When viewed from the pov of the individual, it certainly seems like not only a chicken/egg thing, but something that is just the way it is, but when you start looking at other societies, you realize that it doesn't have to be like that.

The sad thing is, while the supply/demand ratio has changed and the monetary value with it, the message hasn't gotten thru to a lot of parents. Which means they areputting enormous pressure on their kids to do something, Something that is not going to have the result that they assume, and may even end up being counterproductive.

The assumption, especially among parents pushing their children to go to college, seems to be that the relation is causal – getting a college degree allows you to earn more. To some extent, and in some fields, that is doubtless true. After all, you have to have a college education to become a doctor or a lawyer.

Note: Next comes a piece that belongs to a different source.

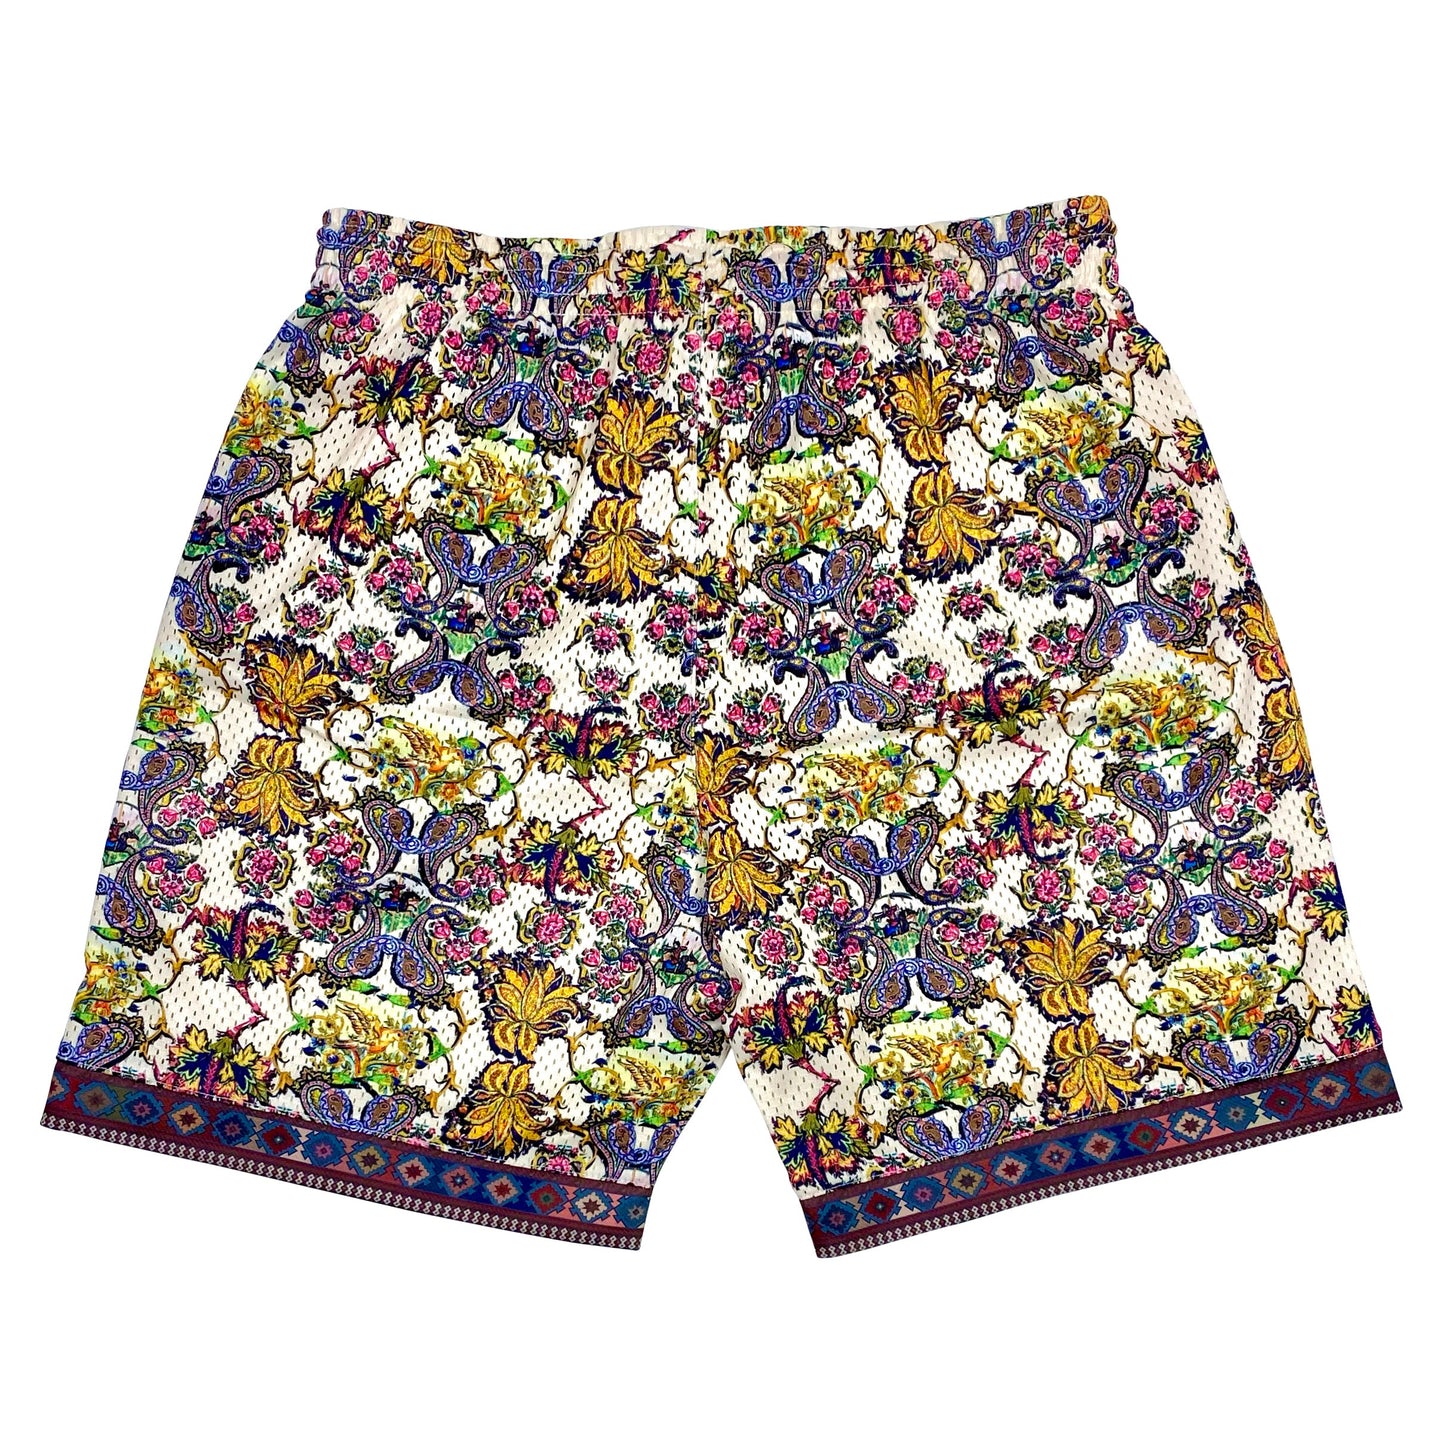 Bled-bledla-Persian Shorts-Iran Clothing-Mesh Shorts-Mosaic Shorts-Iranian Shorts-Los Angeles

Yes, but what happens when you have more people with law degrees than the market can support? OK, sure: like that could happen. Still, it's worth considering.

My point is that even if you build a causal link between degrees and outcomes (we will perversely use "income" as a metric for outcomes) based on, say, data from 2000, you cannot necessarily use that correlation/causation to predict outcomes 20 years from now, when the number of degrees in the employment pool is substantially different. As will be the job market.

In long run, though, we're all dead.

But there will be a tendency for parents to assume (if only subconsciously) that what was important in the job market when they joined the work force is still what is important for their children 20 years later.

In the world of systems engineering, you may have some metric of importance that has e.g. two dozen parameters that influence it. Let's say you have one parameter that dominates; then for small variations in the value of that parameter, you get a linear change in the metric. However: once you've moved that parameter's value significantly, the performance metric is now at a different operating point, and the parameter that once dominated may have a lesser effect. Not all systems are linear.

This also holds in random variables: if you have a number of random variables that combine, the resulting variance is the sum of the variances of the random variables being summed. If one variance is a lot bigger than the others, then the variance of the combined variables will be close to the variance of the dominant variable, and you can control the variance of the sum directly. But if you decrease the variance on the variable that was initially dominant too far, it will no longer determine the output variance; other variables will begin to dominate. Thus you can have a linear system that yields a result that doesn't behave linearly.

This is analogy, so bear with me.

But there will be a tendency for parents to assume (if only subconsciously) that what was important in the job market when they joined the work force is still what is important for their children 20 years later.

This is a lesson a lot of people will have to learn and learn again. People have been failing to appreciate the tendency of markets to bust when there's a glut for hundreds of years. Maybe forever.

People generally not only dislike change, they ignore it as much as possible. Even why doing so repeatedly hurts them.

There seems to be a tendency to interpret these result in terms of obesity being the cause but that may have it backwards. Are smart people less likely to become fat? There are several correlations which may be more fundamental than the obesity-income one, especially that between intelligence-test results and obesity.